- Page 1 Sony SmartBand Review
- Page 2 Apps, Performance and Verdict Review
Sony SmartBand SWR10: Apps
Much of what sets the SmartBand apart from the others is the concept of ‘life logging’ but before you get to that point you need to make sure you have the right phone to even use the SmartBand. The latest Xperia smartphones, like the Xperia Z2 and Z1 Compact, work fine, plus a select list of Android smartphones including the Nexus 5, Nexus 4, Samsung Galaxy S5 and the HTC One M8. The phone needs to be running on Android 4.4 KitKat or higher and requires Bluetooth 4.0, so that alienates plenty of other Android handsets and of course means iPhone and Windows Phone users are left out in the cold as well.
Once you’ve established whether your phone is even compatible, there are three apps to download. The SmartBand SWR10 application actually bakes itself into the Smart Connect app, so there’s no app icon created and combined helps create the connection between smartphone and SmartBand. The Smart Connect app is where you can configure settings for the SmartBand, like notification alerts or the native and third-party application support. It’s also the place to view battery life status.
The most important app is Lifelog. Here you will be able to view all of your recorded data in a colourful, sylised interface. You’ll need an email account to sync with it and then you are good to go. What you are then presented with is a timeline and a series of boxes below totalling your score for the different activities the app can track.
There are 12 in total, which include calorie count, steps, walking, running, sleeping, communication (Twitter and Facebook), taking pictures, listening to music, watching video, playing games and reading books. In each section you can dig deeper to see more precise information like the specific apps you spent the time using and adjust daily goals for each activity.
But the focal point is the timeline, with a white figure holding a phone that shows all of your activities as they happen during the day and lets you scroll back and forth through the day to recap on what you’ve done. As well as tracking all of these activities you can also create a life bookmark. This is done by pressing down the button on the Smartband and this will record the activity. If it’s a place you’ve visited, it will record the location as long as you have the GPS turned on of course.

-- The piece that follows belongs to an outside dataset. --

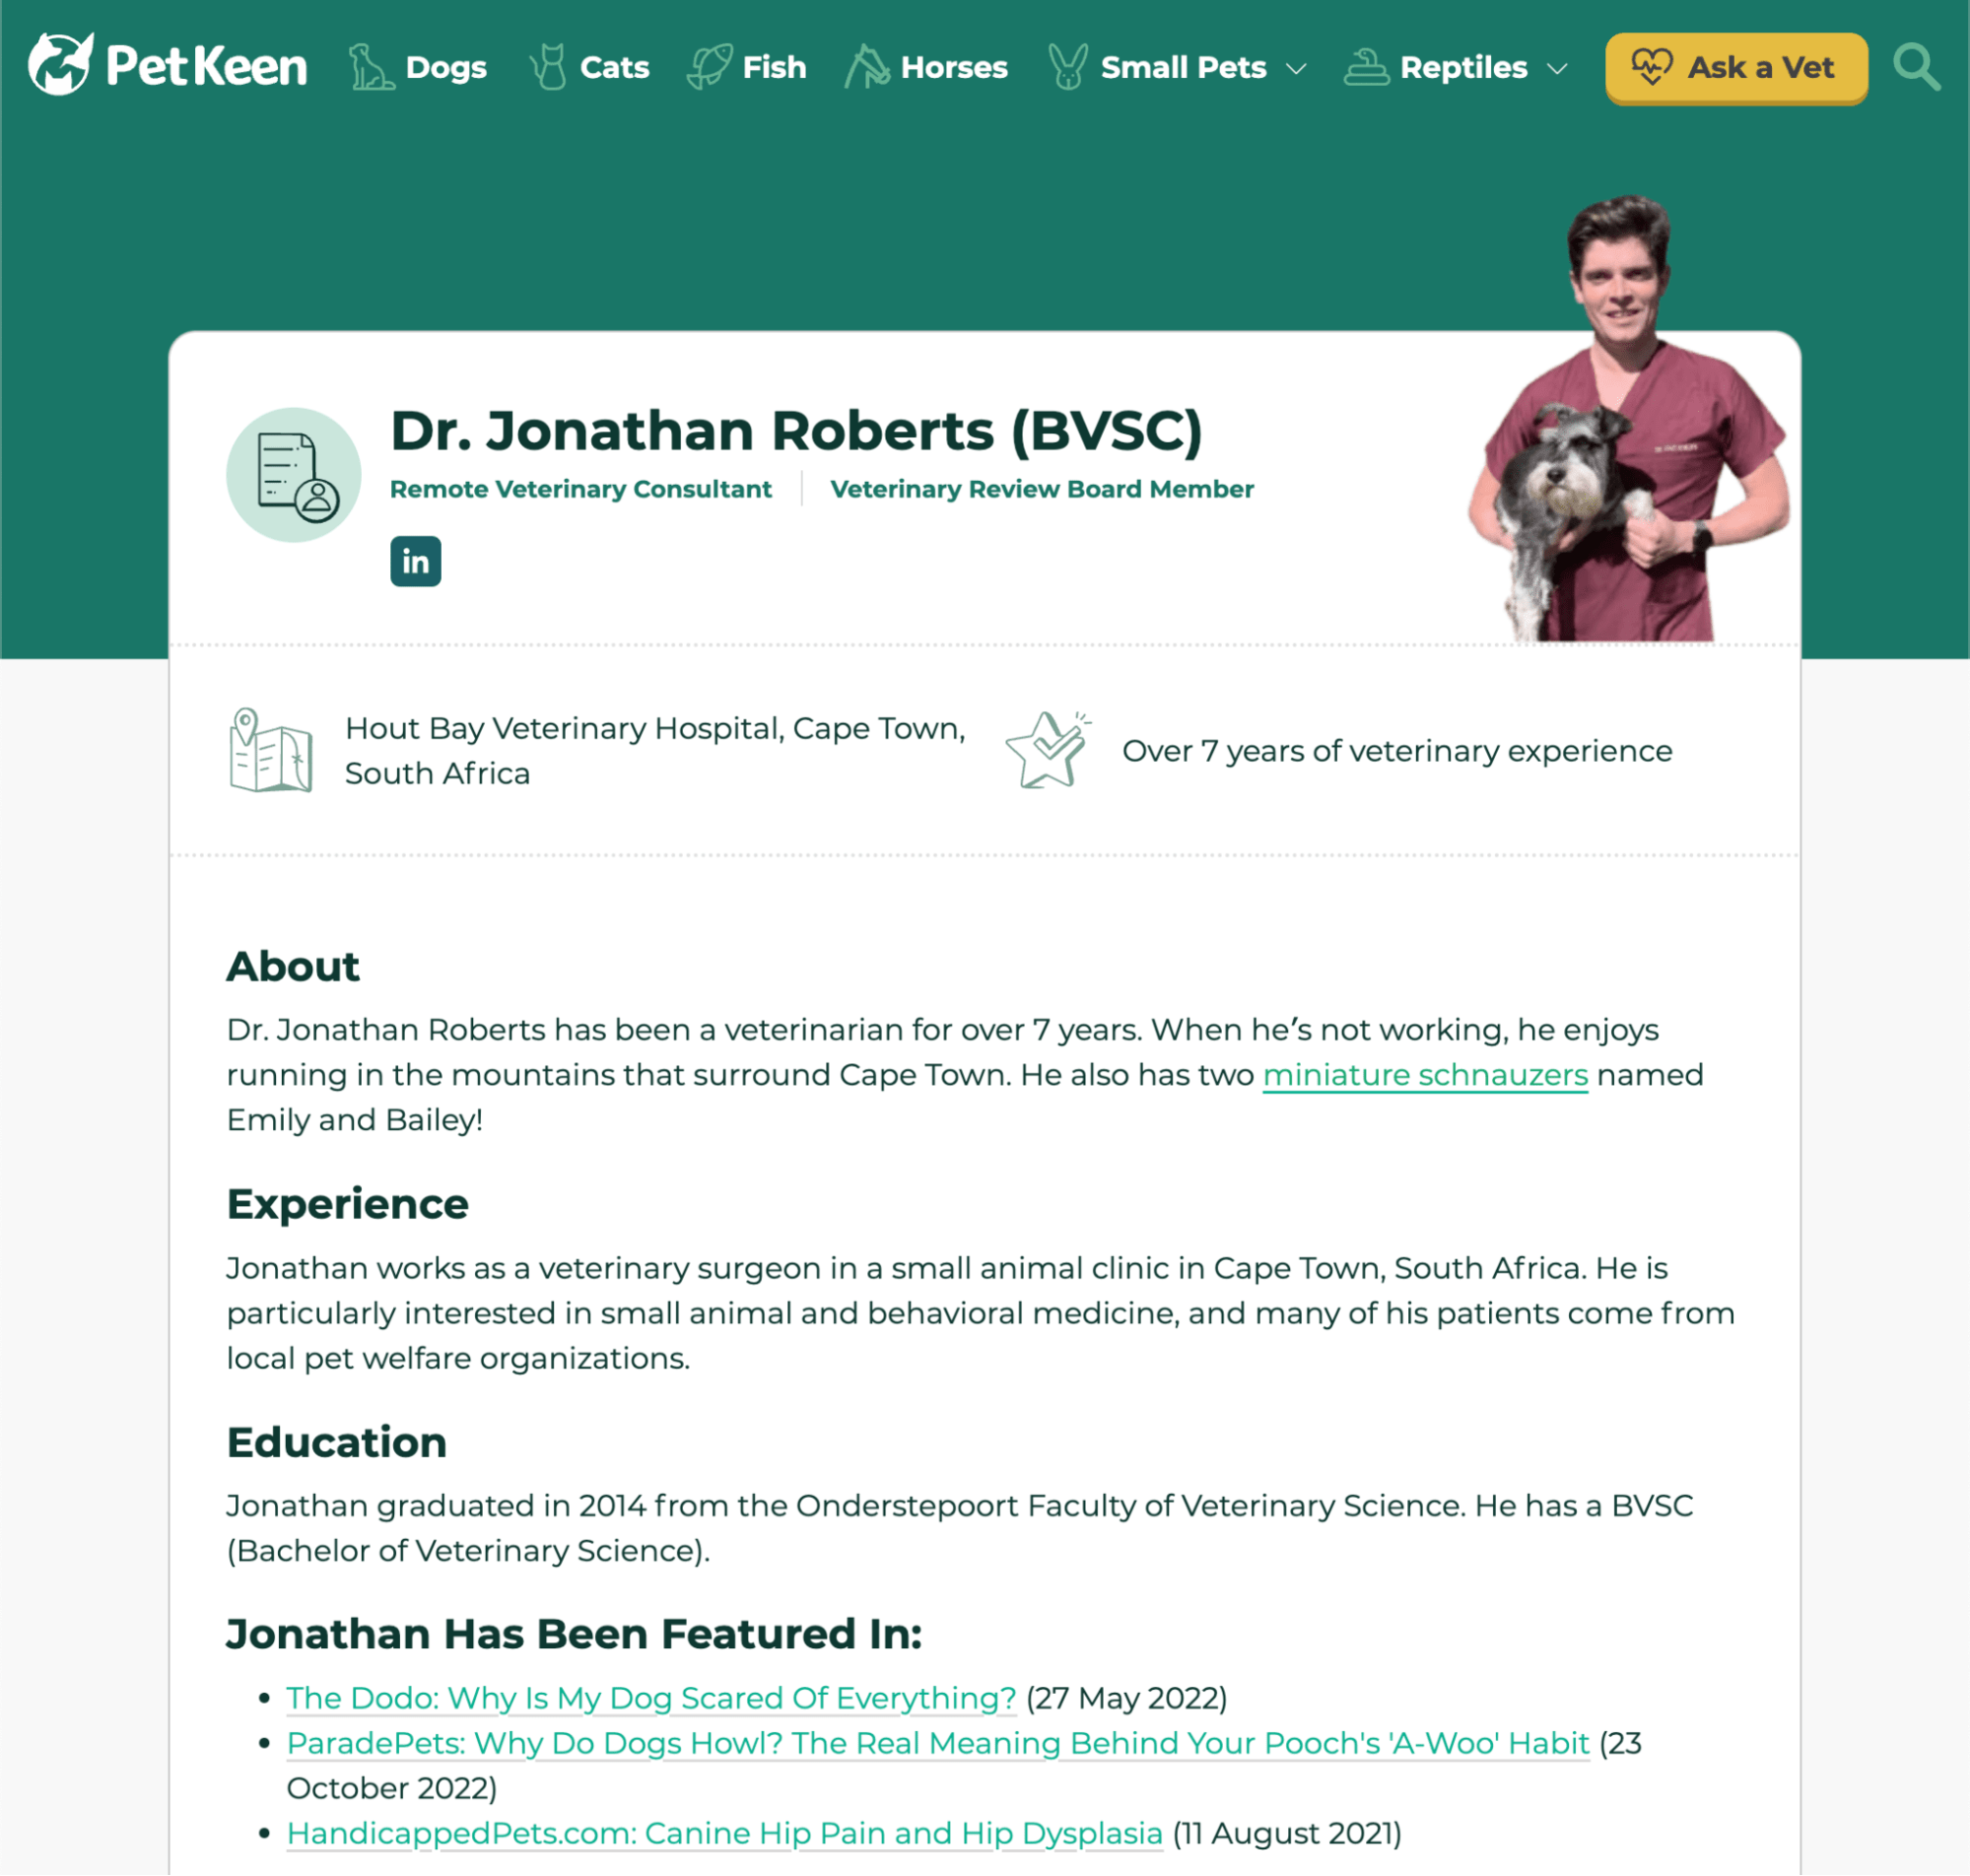 petkeen.com上的一个作者页面，展示了兽医乔纳森·罗伯茨博士（Dr. Jonathan Roberts）的专业知识

It’s definitely a refreshing and unique approach to store and display data, but quite how useful that information is and how it’s used to make improvements is not so clear. Some of the data is more interesting than others but there’s a distinct lack of analysis that makes it difficult to know what to do with the information. Yes, you spent two hours on Twitter but there’s no way of motivating you to curb that time refreshing your news feed.
Sony SmartBand SWR10: Performance and Battery Life
Issues with the life logging persist when you put it into practice. We tried it with the Nexus 5 and the Samsung Galaxy S5 and there were two consistent problems across both smartphones.
One was with the data accuracy and the wrong activities being recorded. Step tracking works fine — the Jawbone UP24 and the Samsung Gear 2 Neo showed similar results — and the Sony SmartBand often records the wrong activity, like logging walking as running or simply not logging running at all. It’s the same for activities like
games where, it recorded opening and launching a non-gaming application
on several occasions.
Sleep tracking is no more comprehensive than what’s already on offer by other activity trackers, generating data on deep sleep, light sleep, and how long you were awake. This all depends on remembering to hit that button to switch into sleep mode as well. You can set up an auto sleep mode to turn on tracking between certain hours, but that’s highly unlikely to be useful for people who have very sporadic sleep patterns.
The second problem is there seems to be a lot of estimated calculations going on here and for users who demand accurate data, this all feels like a more playful approach. Logging moments as bookmarks as well just felt a bit superficial and the persistent notifications taking up space on our notification bar were annoying as well.
In terms of battery life, there’s a Lithium Polymer battery with a 35ma capacity, which will give you around 5 days of use. In our two weeks using it, it lives up to that and you will struggle to get much more than that. The good news is that it only takes one hour to get back to full power so you don’t have to wait long to get out and about with it.
Should I buy the Sony SmartBand SWR10?
The Sony Smartband feels too much like a project that’s still in the works and has been rushed out to jump aboard the wearable bandwagon. There are some good ideas within Sony’s SmartBand ecosystem and the smartwatch-style features are nice additions, but the life logging concept is not really up to scratch, particularly because of the inaccuracies with tracking.
We like the idea of knowing how long you’ve spent on Facebook and Twitter or knowing how long you have been gaming, which are really nice metrics to be able to see. But the Sony SmartBand fails to use this data to add any valuable insight, which is where it really falls down.
In its current state, the SmartBand is tough to recommend simply because for the same money you can get an activity tracker with similar hardware and more meaningful data. The Fitbit Flex, the Jawbone UP24 or even the Misfit Shine are all better options. The second or even the third generation Sony SmartBand potentially could be great, but right now we would definitely give it a miss.
The Sony SmartBand has some good ideas, but it’s clearly a work in progress.